On so many levels – but primarily access, flooding and facilities – Fontaine and Belgrave Vineries are the wrong choices to create a new housing estate. An indication of the desperation involved is a suggestion a new road could be created to link with Victoria Avenue, worsening its already poor connection to Les Banques.

To those desperate to move into better quality accommodation or get a foot onto the property ladder, the Guernsey Housing Association’s scheme offers hope – but at the expense of blighting other areas better suited for this scale of development.

Leale’s Yard, a derelict brownfield site, is desperate for redevelopment and the Bridge area for regeneration. The States has said so and identified this very need. But Fontaine Vinery will be pushed through simply because government can.

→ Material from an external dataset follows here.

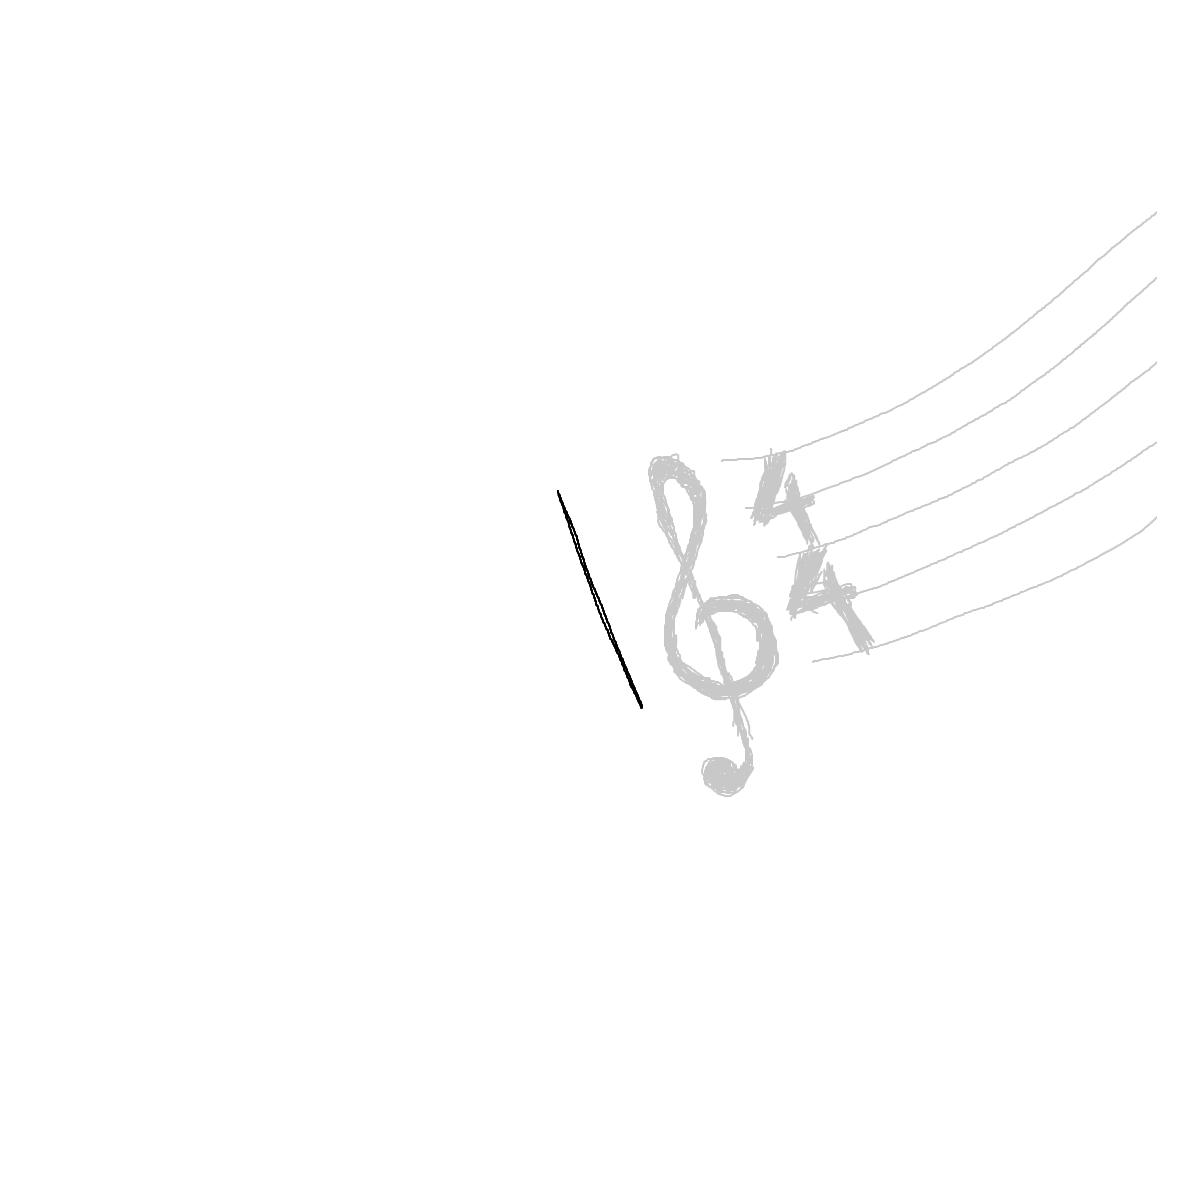 BAAAM drawing#4760 lat:39.7172126770019500lng: -75.6447525024414000

It is largely responsible for any housing shortage. It has dithered on numbers needed, scattered planning permissions all over the north of the island with no prioritisation or influence on anything actually getting built, and failed to invest adequate sums into housing.

Broad acknowledgement exists that Leale’s Yard needs to be redeveloped, and that its local centre status with facilities and connections to support an additional 300-plus homes makes it the obvious site.

Indeed, the head of the housing action group, who is also president of the States Trading Supervisory Board, tacitly acknowledged this in supporting plans that would have led to the whole of St Sampson’s Harbour being used for leisure purposes, to the benefit of the Bridge as a whole.

But instead of government using its considerable resources to bring Leale’s Yard to fruition it risks it being permanently mothballed because it prefers a quick win at Fontaine Vinery.

If the priority is for rapid action on the easiest part of the wider site to develop, one can just about understand it. But the greater potential of Leale’s Yard needs to be actioned too, and soon.